Vorrei solo commentare l’uscita di ELENA, se mi è concesso come punto di vista maschile.
Per esperienza, strettamente personale, posso dirti che a volte gli uomini si comportano così. Non perchè cattivi,senza cuore ecc. Solo perchè dopo aver subito una grande umiliazione,si perde in autostima e si incomincia a pensare di essere inutili, non più virili. Ecco che scatta la trappola con la prima persona che conosciamo. Cerchiamo approvazione attraverso telefonate e messaggi, un po’ per riempire degli spazi vuoti, un po’ per sentirsi per così dire “amati”. Ma poi dopo aver passato una bella serata o giornata con lei, ti rendi conto che era solo illusione e ci si sente vuoti ed imbarazzati. A questo punto la lasci andare.
Io non so se è questo il caso…però se può darti una ragione per dimenticare, coglila.
Ciao…e scusate l’intromissione.
ELENA: da come ti conosco (intendo dire da queste pagine) mi sembra che tu sia una donna che ama le persone dirette (e che di indirette ne ha incontrate già troppe), dunque capisco che tu possa prendere con filosofia il fatto che evidentemente se non altro da questo punto di vista tu e la persona di cui parli non siete in sintonia. Poi, certo, solo lui può rispondere e dire eventualmente cosa gli sia successo o gli sia passato per la testa.
DANIELE: sì, vero, può accadere. Anche se insomma, non rispondere proprio e sparire è abbastanza infantile, anche se può essere una manifestazione di un proprio senso di inadeguatezza.
Anche perché non stiamo parlando di una donna che lo ha riempito di cinque vagoni di rose rosse e ha affittato un aereo per scrivere nel cielo “I LOVE YOU”, ma di una persona adulta che ha chiesto ad un’altra persona adulta “si potrebbe anche rivedersi” e a cui lui ha detto sì. Da ciò che ELENA dice – ovviamente non c’ero – pare che lei volesse rivedersi non che pensasse che per forza fosse scattata una scintilla che li avrebbe portati a letto o all’altare nei giro di 24 ore.

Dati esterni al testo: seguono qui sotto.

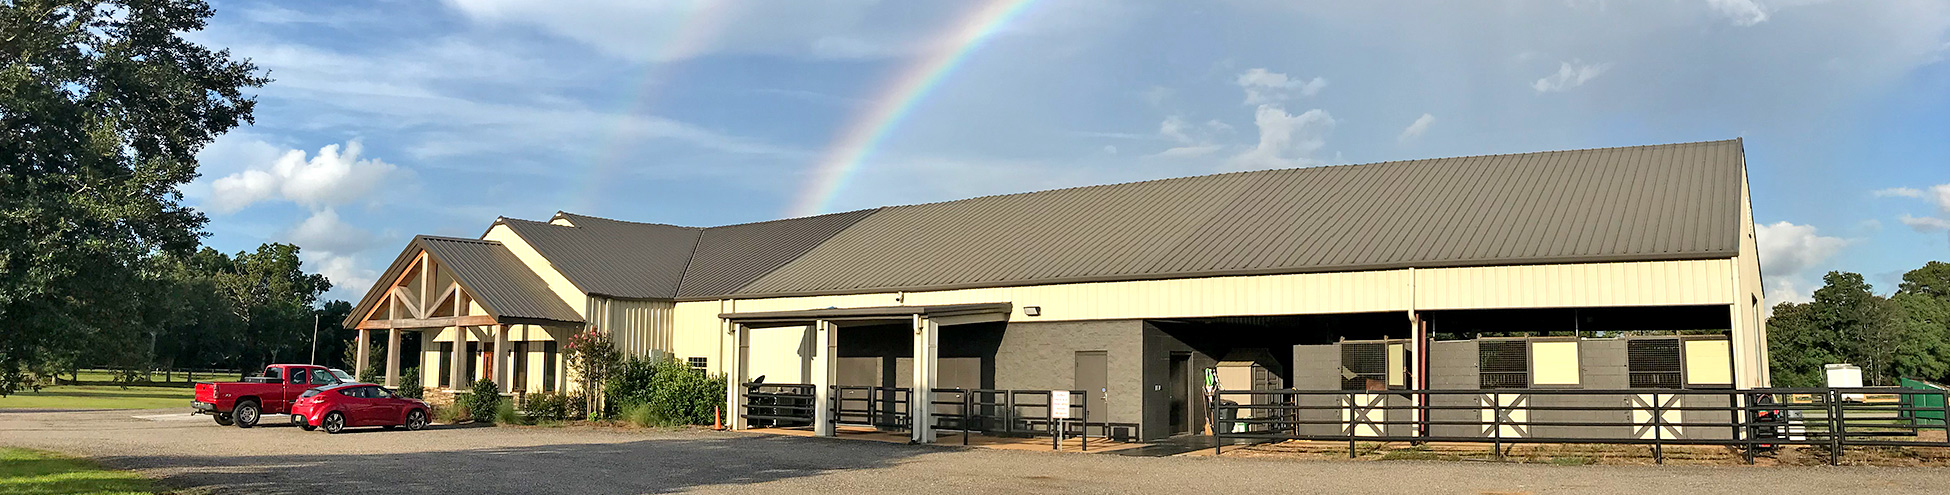 BAC Facility with a Rainbow

Si può anche avere il timore di essere fraintesi, tuttavia essere diretti non è meglio che sparire e caricare l’altro eventualmente di un proprio senso di inadeguatezza, o della propria paura di essere invasi o anche del fatto di dover dire: scusa, sei simpatica ma non vorrei che tu ti facessi strane idee. e affrontare anche il fatto che l’altra persona ti dica: no, guarda che ti sbagli, ti ho chiesto se ti andava di andare a bere un caffé, e sei tu che hai frainteso (ciò lo dico in generale, eh, Elena).
A un mio amico è successo questo. Tramite sua madre che abita nello stesso palazzo una nuova vicina gli dice che ha un problema con la tv, e lui le dà dei consigli sulla tv. Poi la sera di capodanno lui la vede sola con le borse della spesa e senza programmi poiché sta facendo una cena informale a casa le dice se vuole unirsi agli altri. Lui assicura che durante la serata, in gruppo e amichevole, non le dà modo di pensare che ci sia da parte sua uno speciale particolare interesse. Il che non vuol dire che lui sia scortese, ma insomma non ci prova minimamente.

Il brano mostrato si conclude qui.